Recorded information:

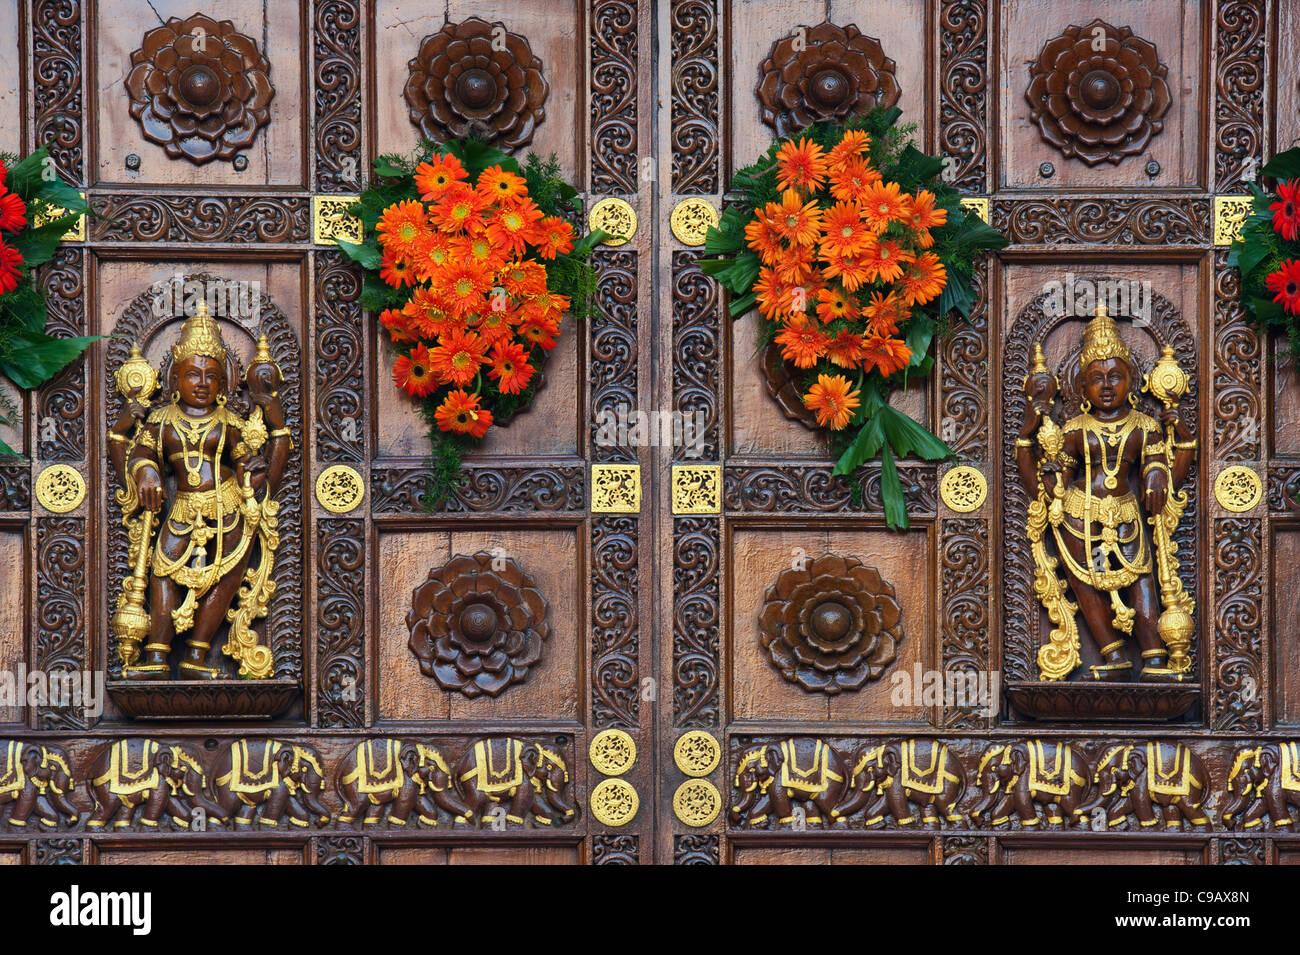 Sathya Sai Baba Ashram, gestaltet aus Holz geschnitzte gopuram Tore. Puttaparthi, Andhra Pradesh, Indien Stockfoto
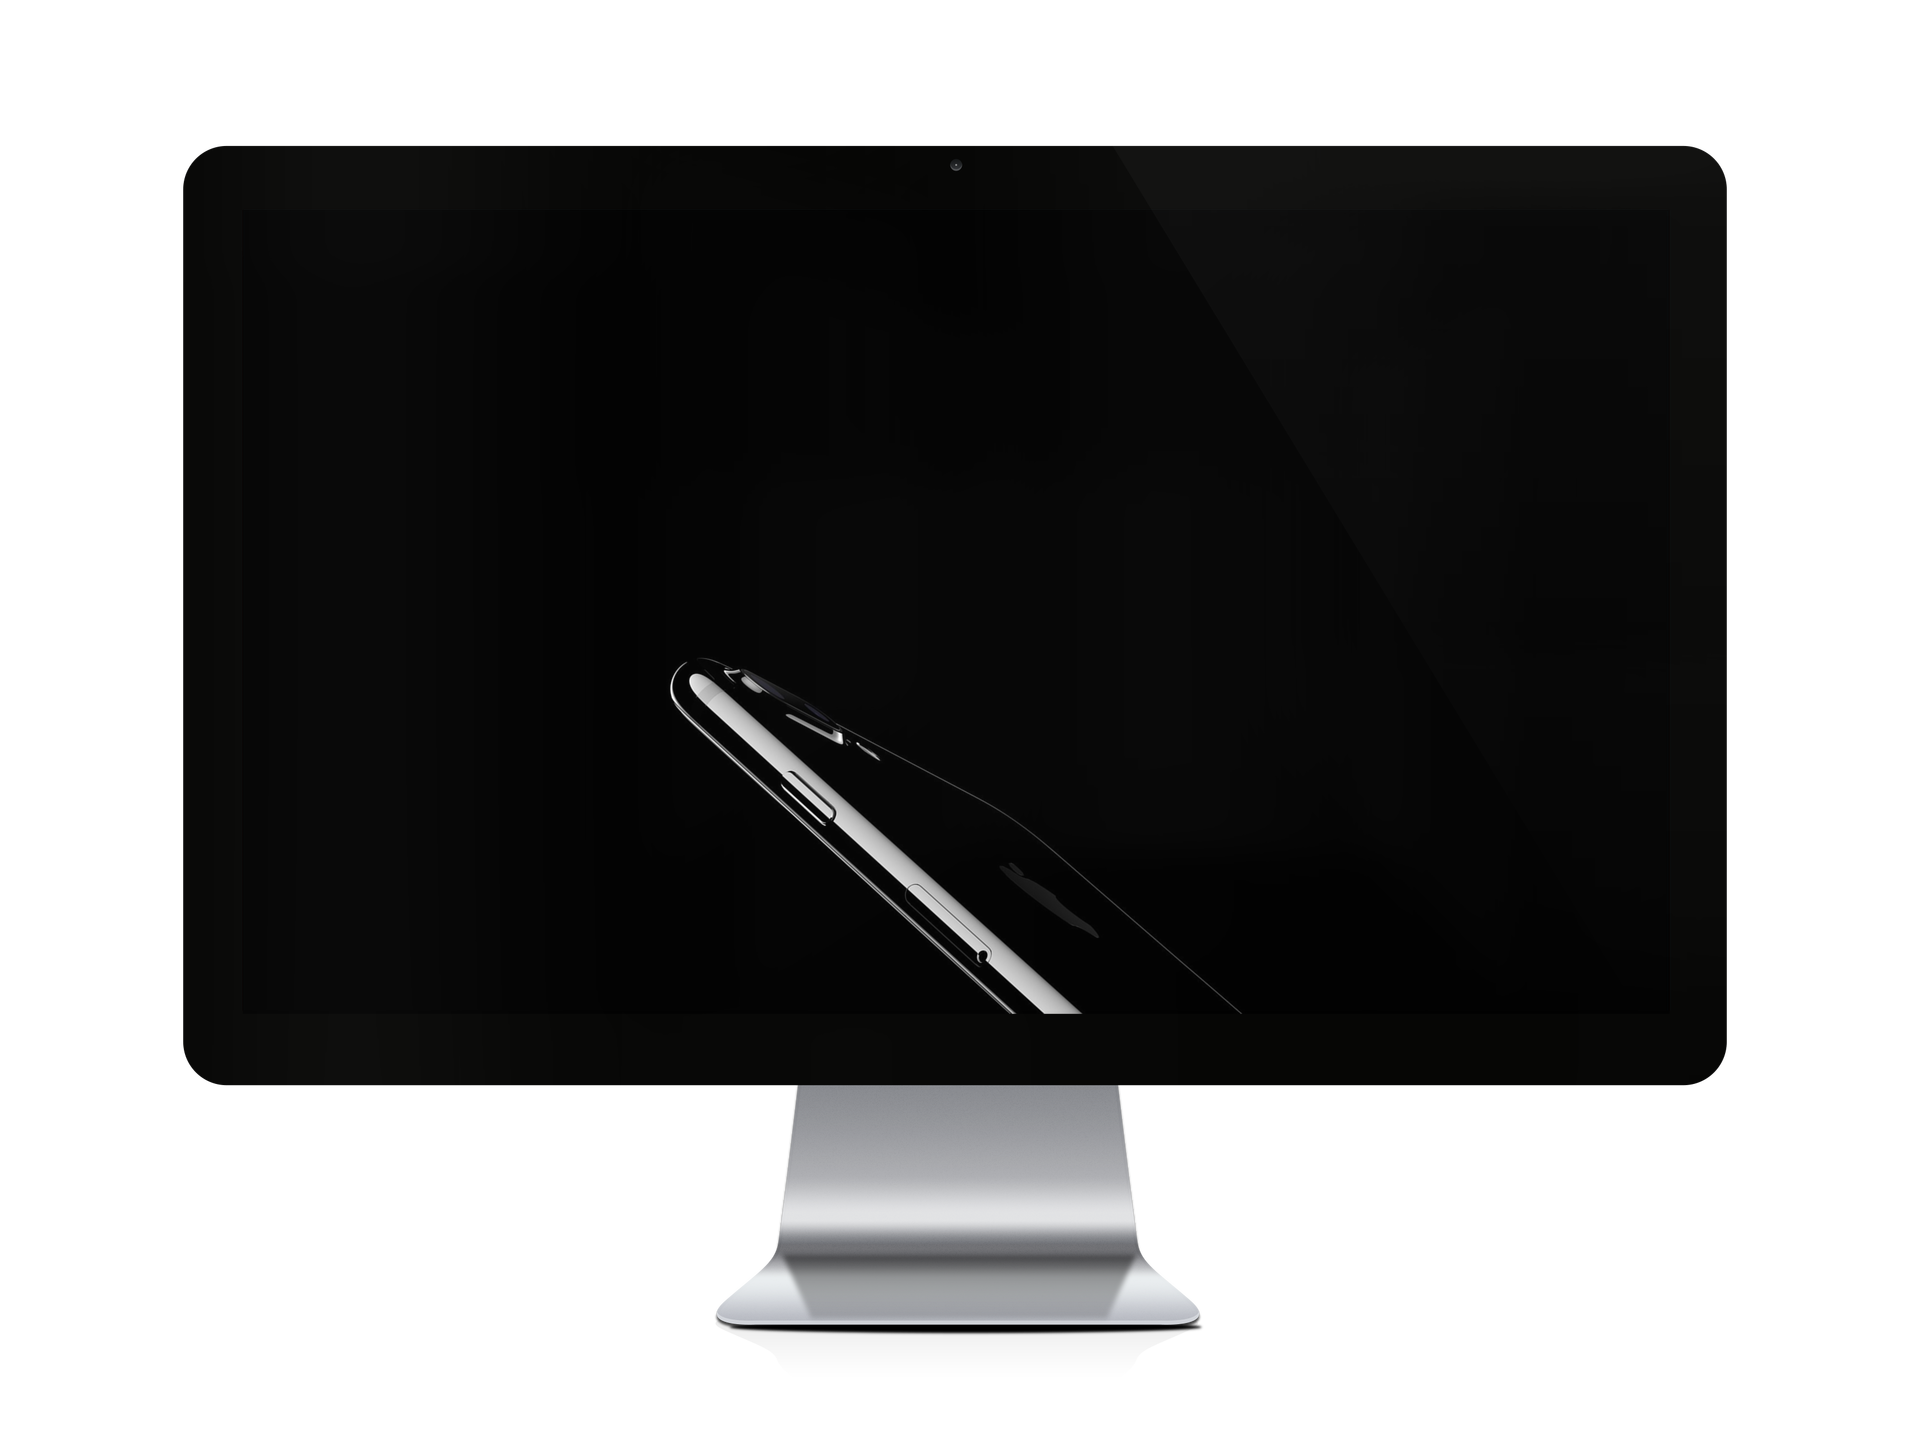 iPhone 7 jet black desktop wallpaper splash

* * *

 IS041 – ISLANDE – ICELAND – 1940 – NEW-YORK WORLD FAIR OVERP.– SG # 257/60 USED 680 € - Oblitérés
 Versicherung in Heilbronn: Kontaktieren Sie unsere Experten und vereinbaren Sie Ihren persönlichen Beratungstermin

Task item:
Print the part of the listing above that opens with the line containing "Sathya Sai Baba" and closes with the line containing "iPhone 7 jet black desktop wallpaper splash". Copy it exactly, both ends included, and omit the pictures.

Result of the task:
 Sathya Sai Baba Ashram, gestaltet aus Holz geschnitzte gopuram Tore. Puttaparthi, Andhra Pradesh, Indien Stockfoto
 iPhone 7 jet black desktop wallpaper splash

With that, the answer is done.